Эта мысль заставила отца опять сесть в седло. В понедельник, под вечер, он в сопровождении двух милиционеров нагрянул в ближайшее степное село, но Трухляева не оказалось дома. Его батрак успел шепнуть отцу: «Скачите на заимку. Он там…» Нашелся один сельчанин, бывший партизан, который согласился проводить отца до трухляевской заимки. И действительно, именно там, чувствуя себя в полной безопасности, Трухляев гнал самогон. Да не один гнал, а с двумя приятелями, известными бандитами, за которыми давно охотились чоновцы. Все трое, напробовавшись теплой самосидки, были распьяным-пьяны и потому с большим запозданием расслышали, что у заимки появились чужие конные люди. Похватав оружие, они бросились из избушки и открыли огонь. В перестрелке один бандит был убит, другой скрылся в колке, а Филимон Трухляев, дважды стрелявший в отца, оказался смертельно раненным в живот.
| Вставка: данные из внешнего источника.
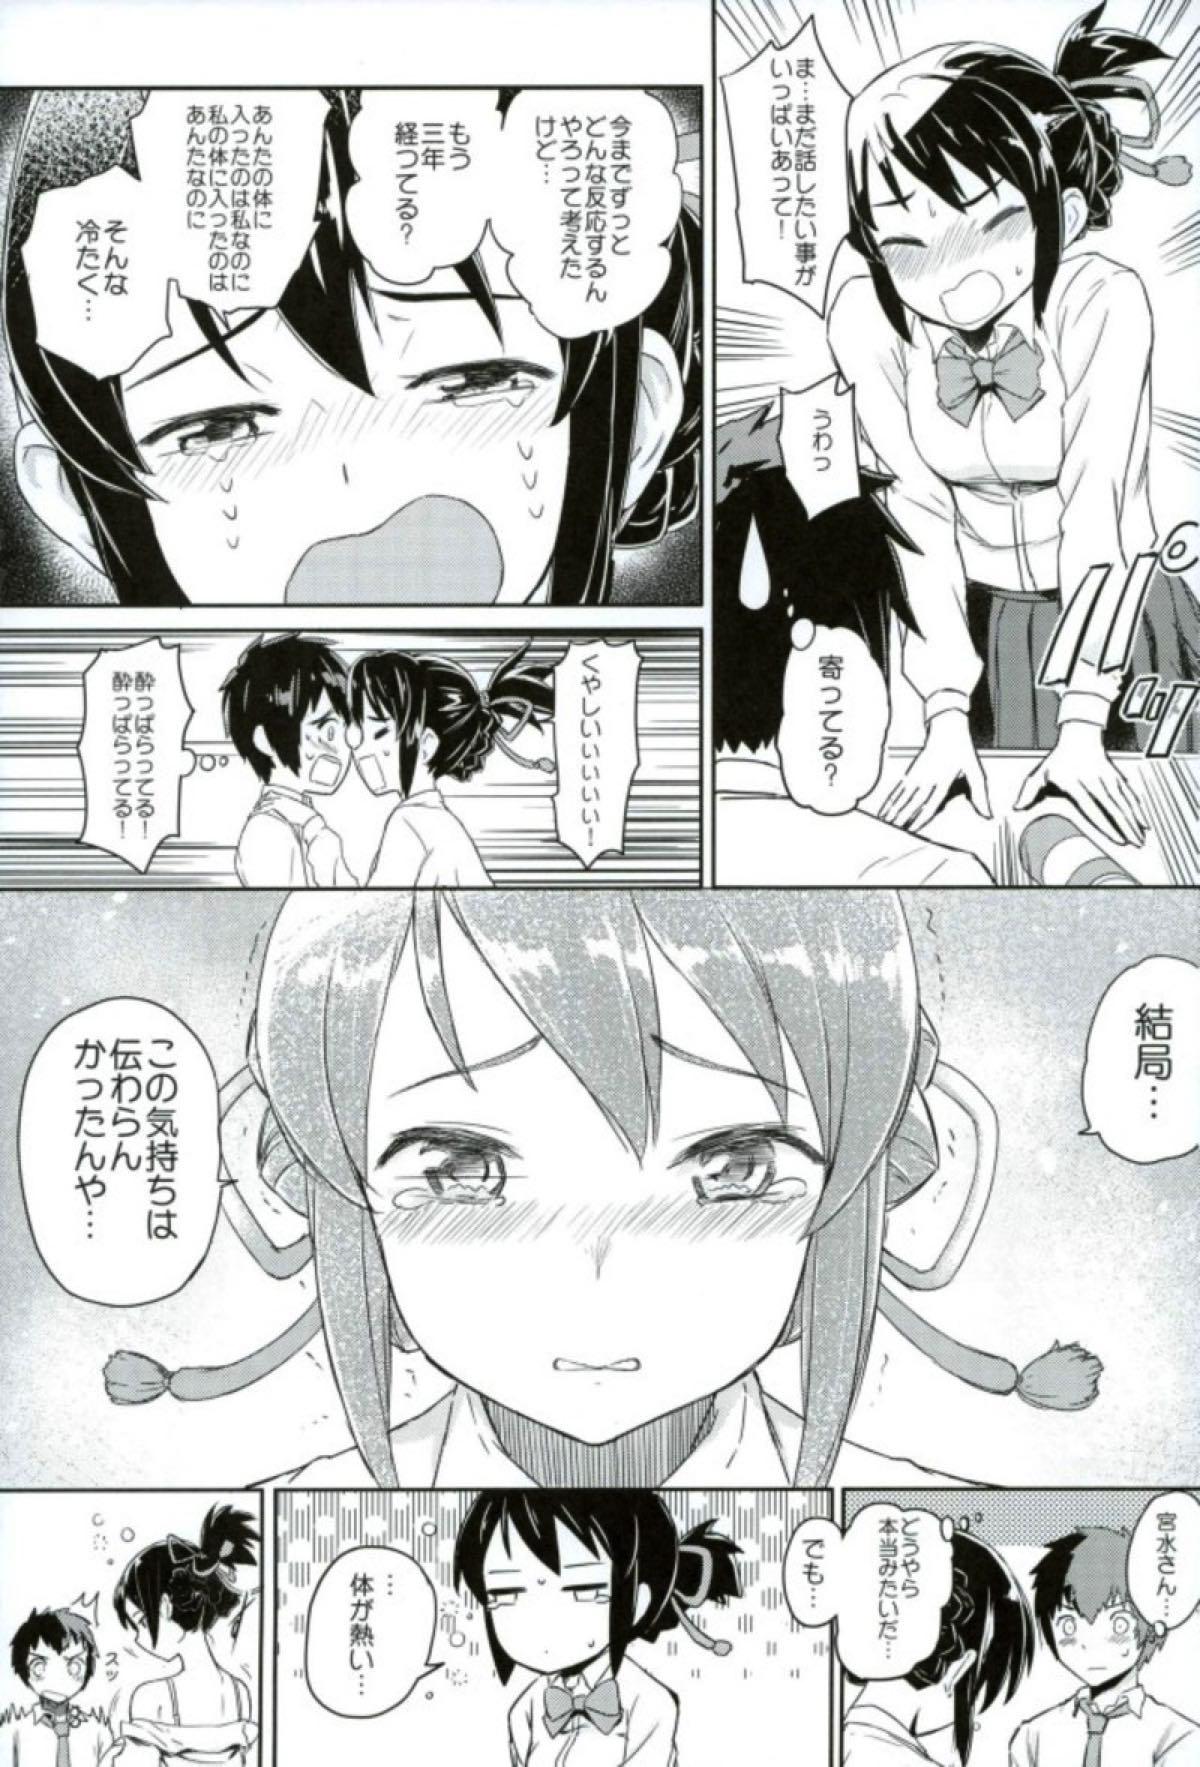 Vagina Kimi to Boku no Musubi - Kimi no na wa. Hot Couple Sex - Page 4
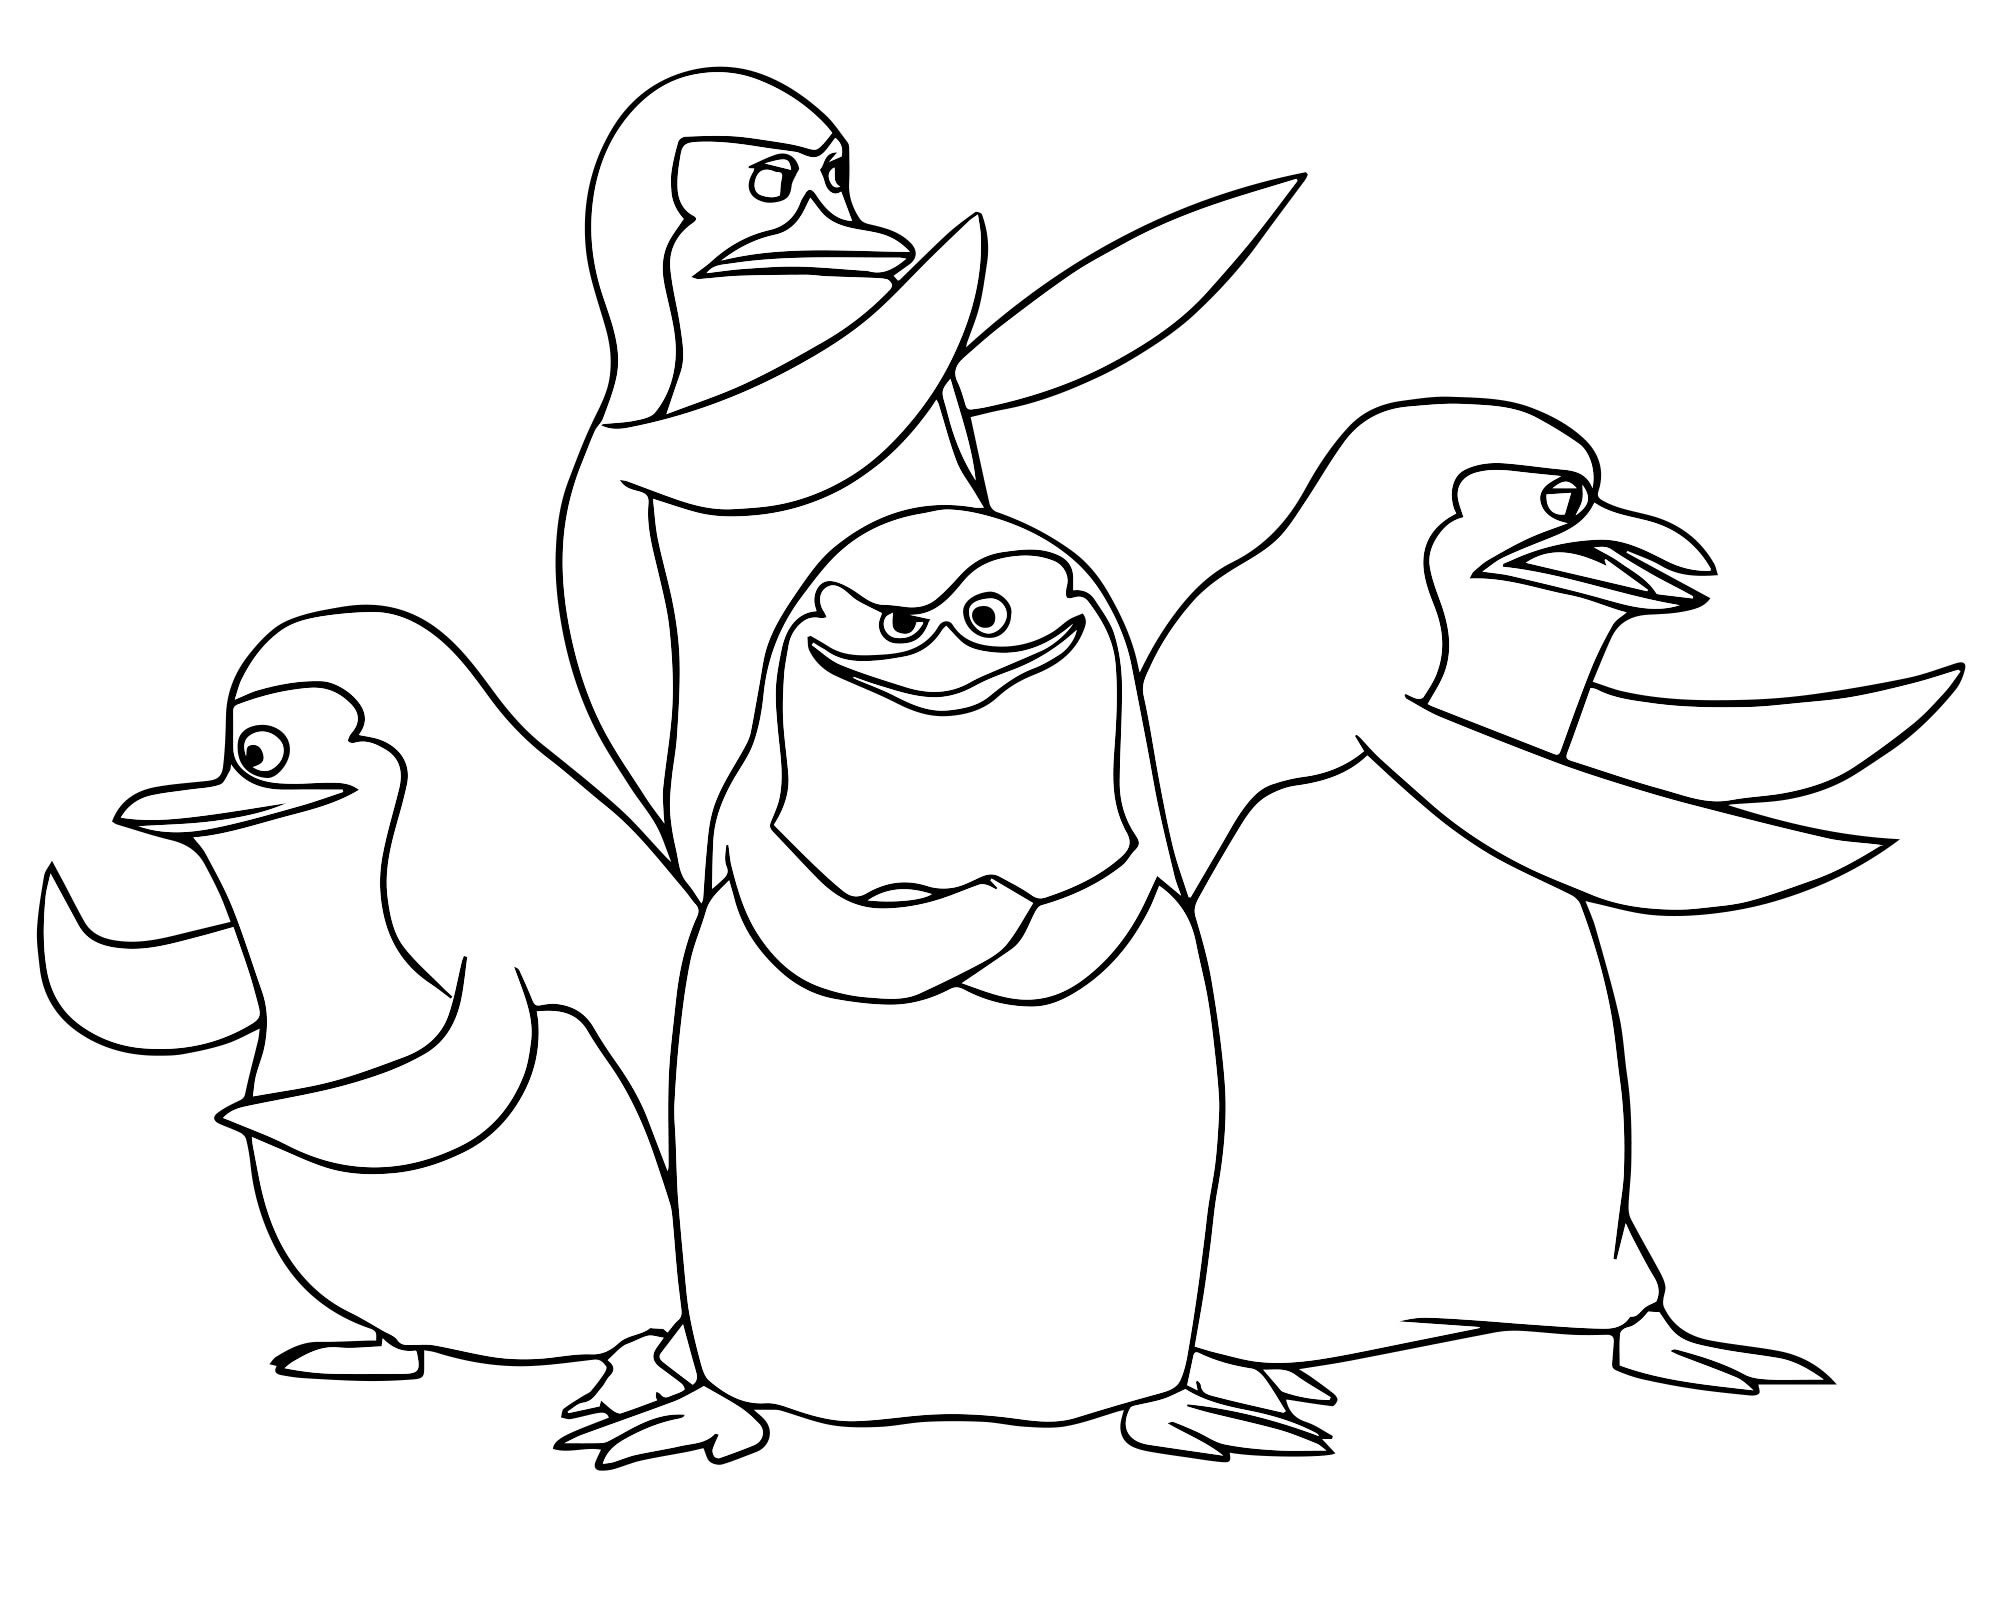 Пингвины из Мадагаскар раскраска для детей

Я только что вернулся с рыбалки, а тут и подошла к нашим воротам в сопровождении конных телега с Трухляевым. Отец спешился и, передав мне повод своего коня, направился к телеге с раненым. Тот лежал на полосатом, многоцветном рядне, расстеленном поверх свежего степного сена. Отец приподнял свесившийся угол рядна и, заглянув в полуоткрытые глаза раненого, сказал тихо, незлобиво:
— А плохо ты, Трухляев, стреляешь.
— Да-а… — хрипло согласился Трухляев; он лежал на спине, развалясь во весь рыдван, все его загорелое, разопревшее лицо блестело от пота.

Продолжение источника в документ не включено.